A memory access optimization oriented sparse convolutional neural network accelerator, comprising: the sparse activation value processing module SSG is used for removing zero-value activation data and screening out effective non-zero activation values; the buffer module CBUF is used for storing input neuron data and realizing repeated activation data multiplexing; the cache module PB is used for storing the weight data read in parallel; the operation module CMAC is used for completing the multiply-add operation of the convolution operation; in the data reading stage, reading neuron data required by the current convolution operation into a cache module, and reading weight data into a cache module PB; in the screening and multiplexing stage, the sparse activation value processing module screens out the non-zero activation data in the cache module, and simultaneously checks whether multiplexed activation data exist or not; and in the operation stage, transmitting the screened non-zero activation data to an operation module for convolution calculation. The invention has the advantages of simple principle, easy realization, obvious improvement on the efficiency of calculation and memory access, and the like.

Description

Sparse convolution neural network accelerator oriented to memory access optimization

Technical Field

The invention mainly relates to the technical field of neural network application, in particular to a sparse convolution neural network accelerator oriented to access optimization.

Background

At present, the Deep Learning (Deep Learning) technology is rapidly developed, and is widely applied in many fields, and at the same time, the Deep Learning technology is a hot field of academic research. In the deep learning technology, the most concerned is a deep neural network model, and the deep neural network has a good effect in many artificial intelligence applications, including the fields of computer vision, natural language processing, machine translation, image recognition and the like. However, the training and derivation of neural network models place high demands on the computational power, and ordinary CPUs and embedded processors have been unable to meet the computational power required for the calculation of neural network models.
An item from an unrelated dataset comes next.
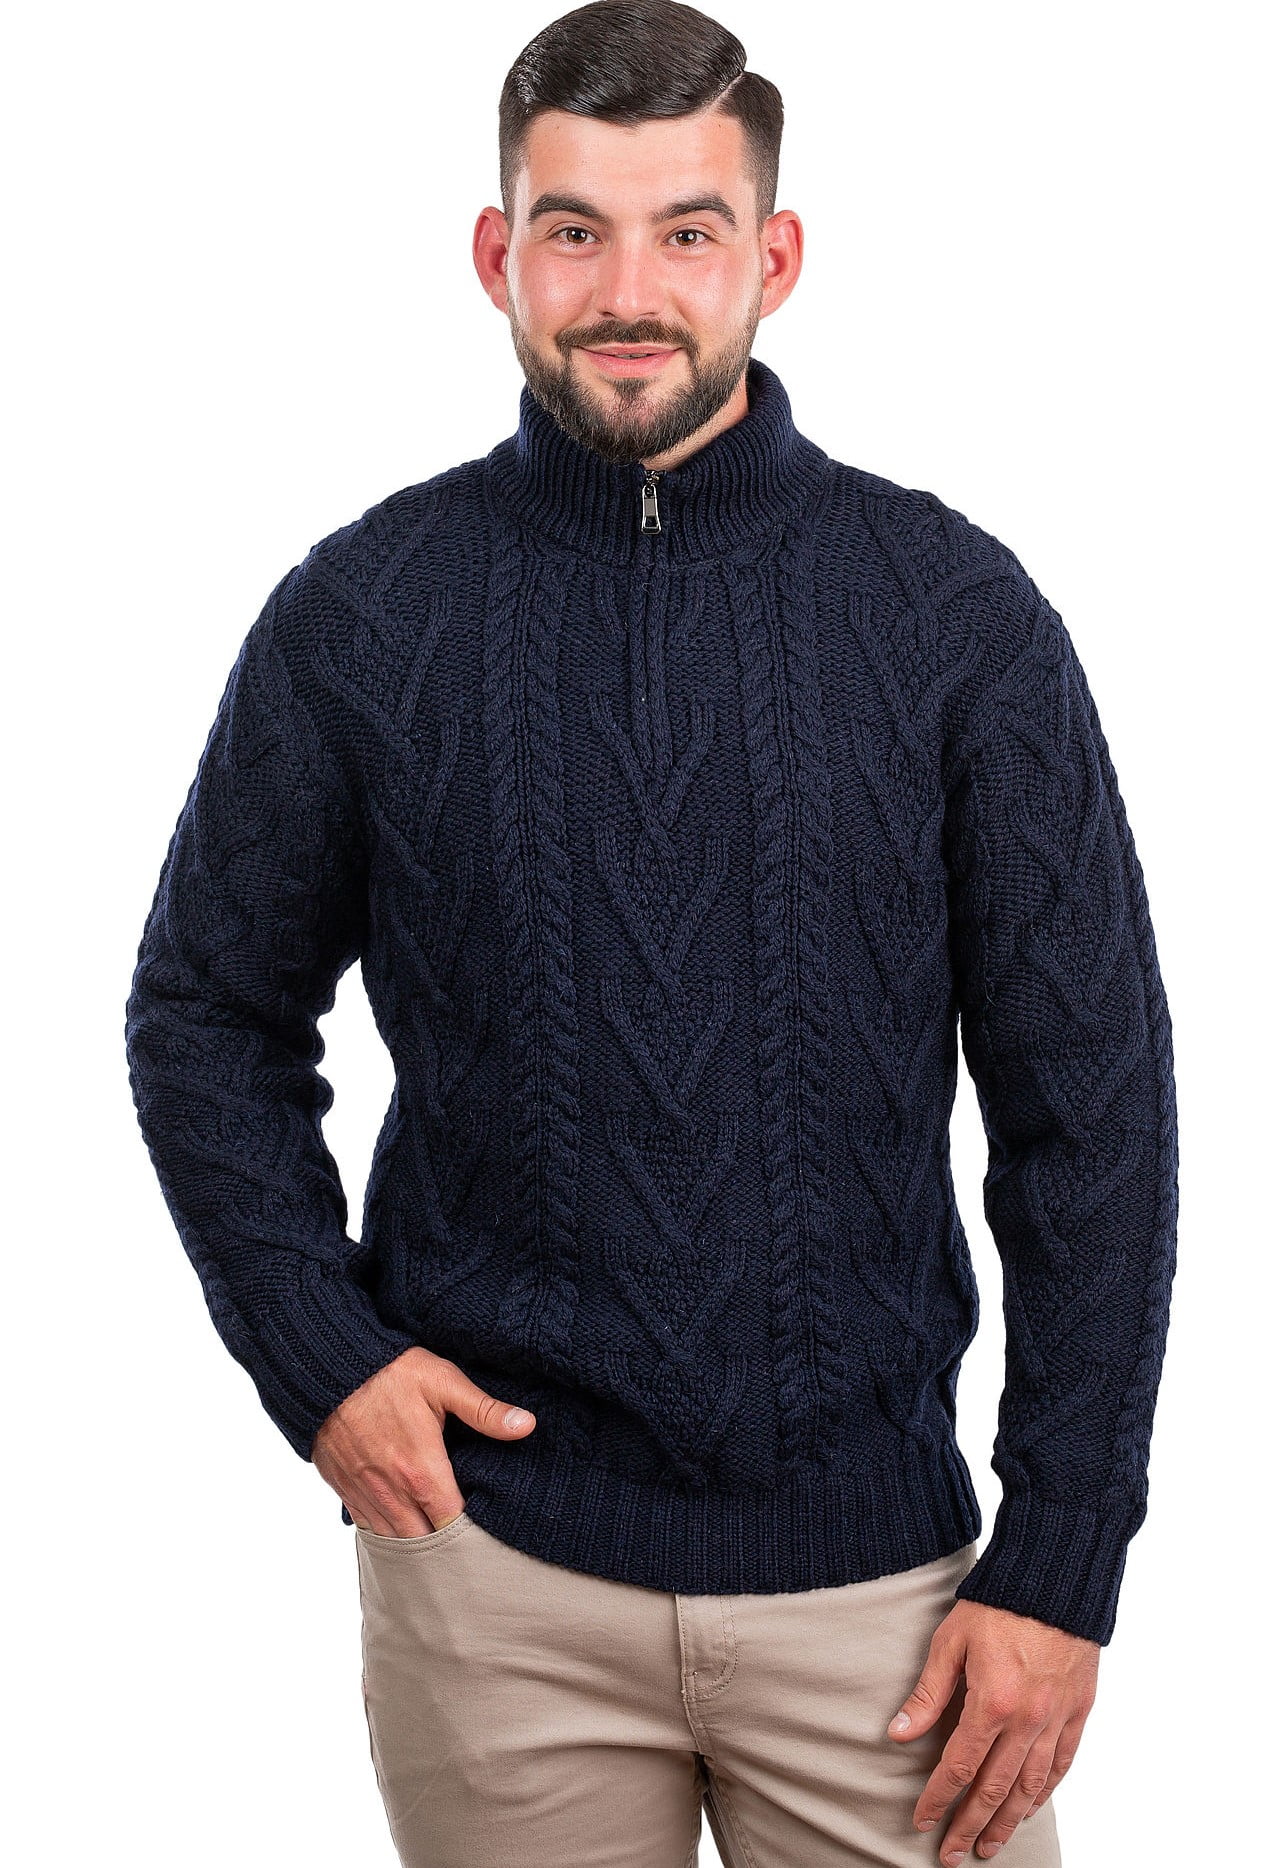 SAOL Aran 100% Merino Wool Men's Zip Neck Fisherman Sweater Irish ...

The method aims to solve the problem that the computational complexity is increased due to the rapid development of a neural network model. Currently, there are two main flow schemes provided by those skilled in the art to provide computational support for the operation of neural network models. One approach is to use a GPU with a large number of parallel threads to complete the computation of the model; another approach is to develop a dedicated neural network accelerator based on FPGA or ASIC design. Although GPUs can provide computationally intensive support for neural network models, their large power consumption cost is a concern. Therefore, a low-power, high-computational-effort dedicated neural network accelerator becomes an effective method for resolving the neural network model calculations.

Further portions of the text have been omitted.